If you talk to a legacy server that emits ISO-8859-1 bytes without an explicit charset header, restore the old behavior with:

HttpRequestBuilder.create(httpClient)
        .

setDefaultResponseCharset(StandardCharsets.ISO_8859_1)
        .

build();

Connection pool default (defaultMaxPoolSizePerRoute)

The default per-route cap on ClientBuilder was lowered from 128 to 32. The total pool cap is unchanged at 128. Rationale: when defaultMaxPoolSizePerRoute == maxPoolSize a single hot host can saturate the entire pool, leaving parallel requests to other hosts blocked on connectionRequestTimeout — the new ratio (total / 4) preserves multi-host fairness while keeping typical microservice workloads well within budget. Industry conventions land in the same range (Apache HC 200 / 50 in Spring's typical config, AWS SDK 50 / per-service, etc.).
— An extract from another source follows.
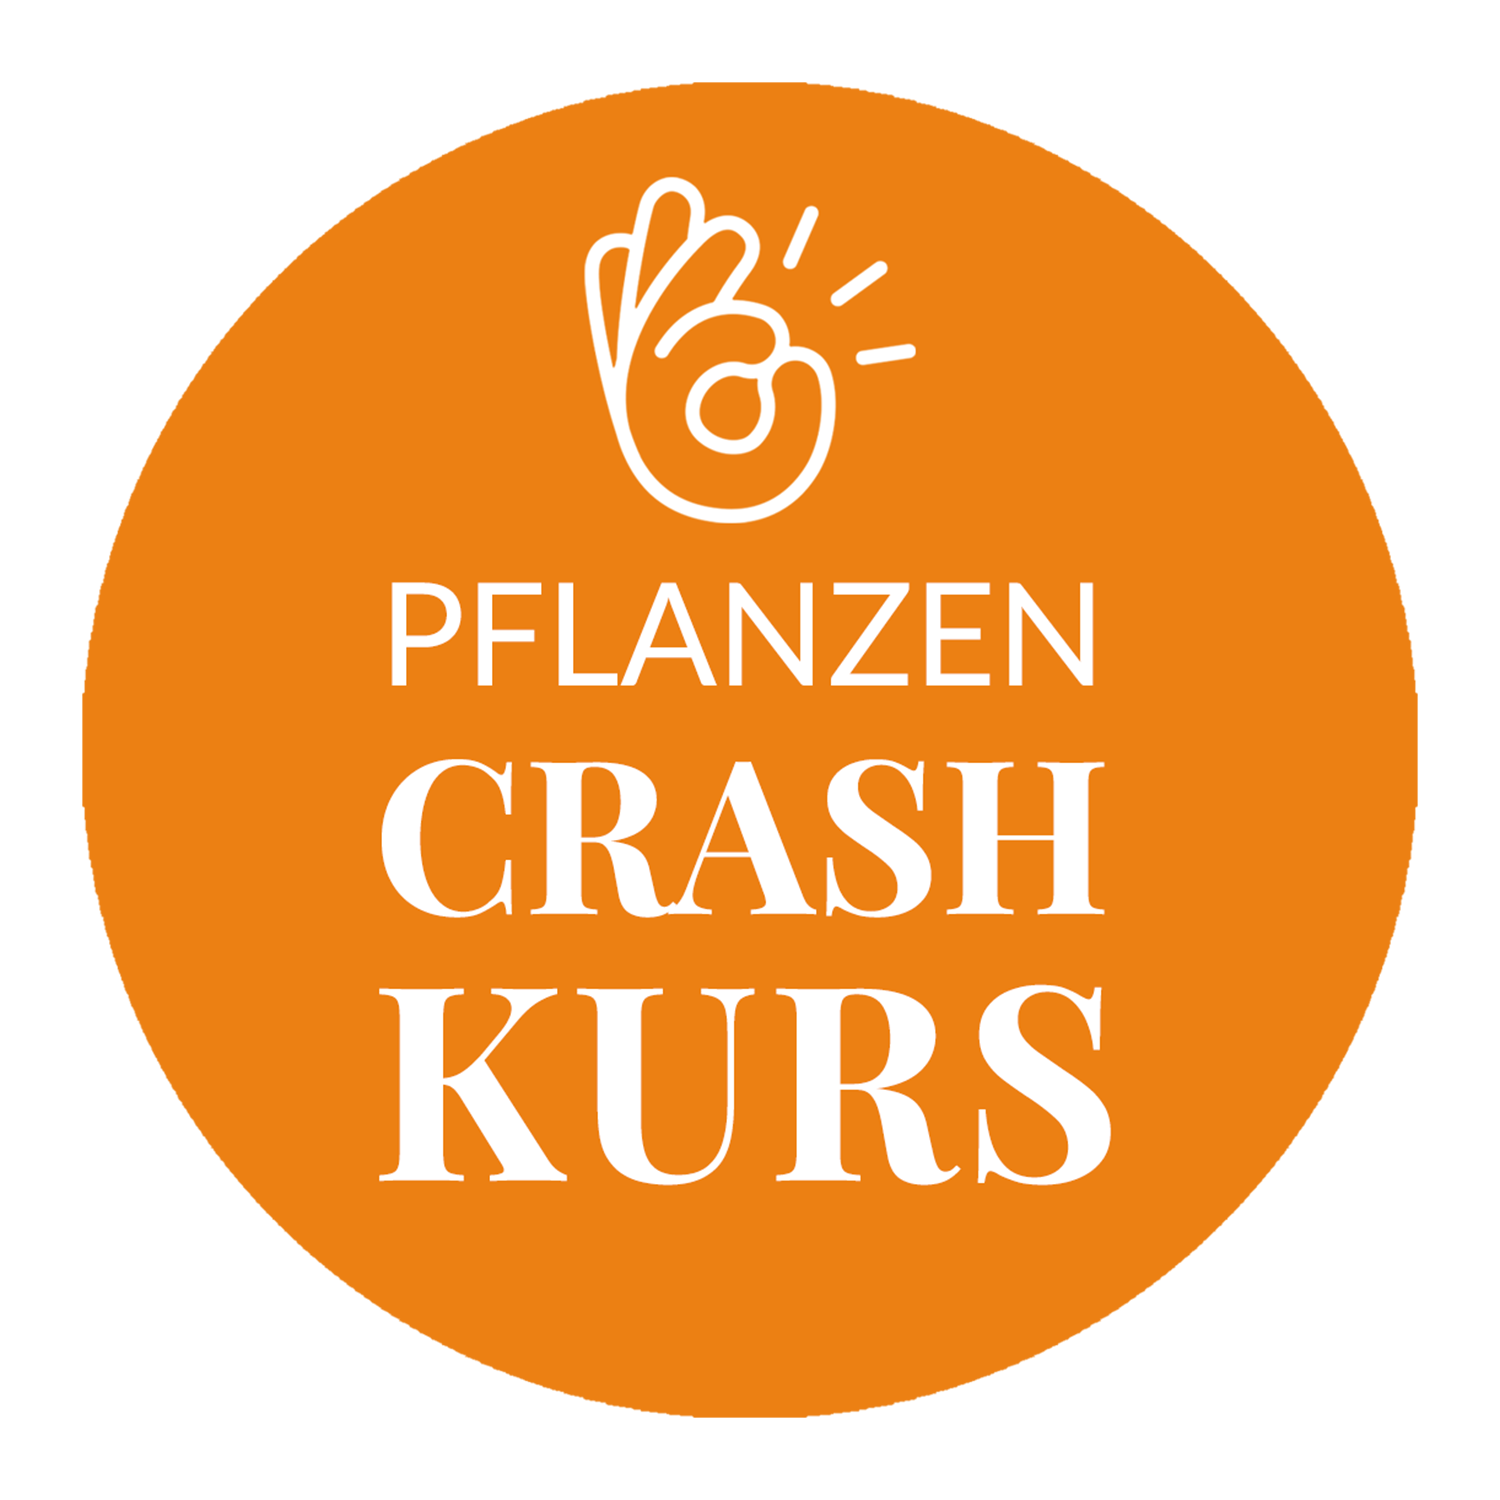 Pflanzen Crash Kurs - Logo in orange

If your workload genuinely talks to a single upstream and was implicitly relying on the old 128 per-route cap, restore it explicitly:

CloseableHttpClient client = ClientBuilder.create()
        .setDefaultMaxPoolSizePerRoute(128)
        .build();

Or use the per-route override for hot hosts only:

CloseableHttpClient client = ClientBuilder.create()
        .setMaxPoolSizePerRoute(new HttpHost("hot.example.com"), 96)
        .build();

4.0.0

Java baseline raised to Java 17

The library now targets Java 17 bytecode at both compile time and runtime; the build enforcer rejects JDKs below 17. Consumers still on Java 8 must stay on the 3.6.x line — that branch remains the supported Java 8 baseline.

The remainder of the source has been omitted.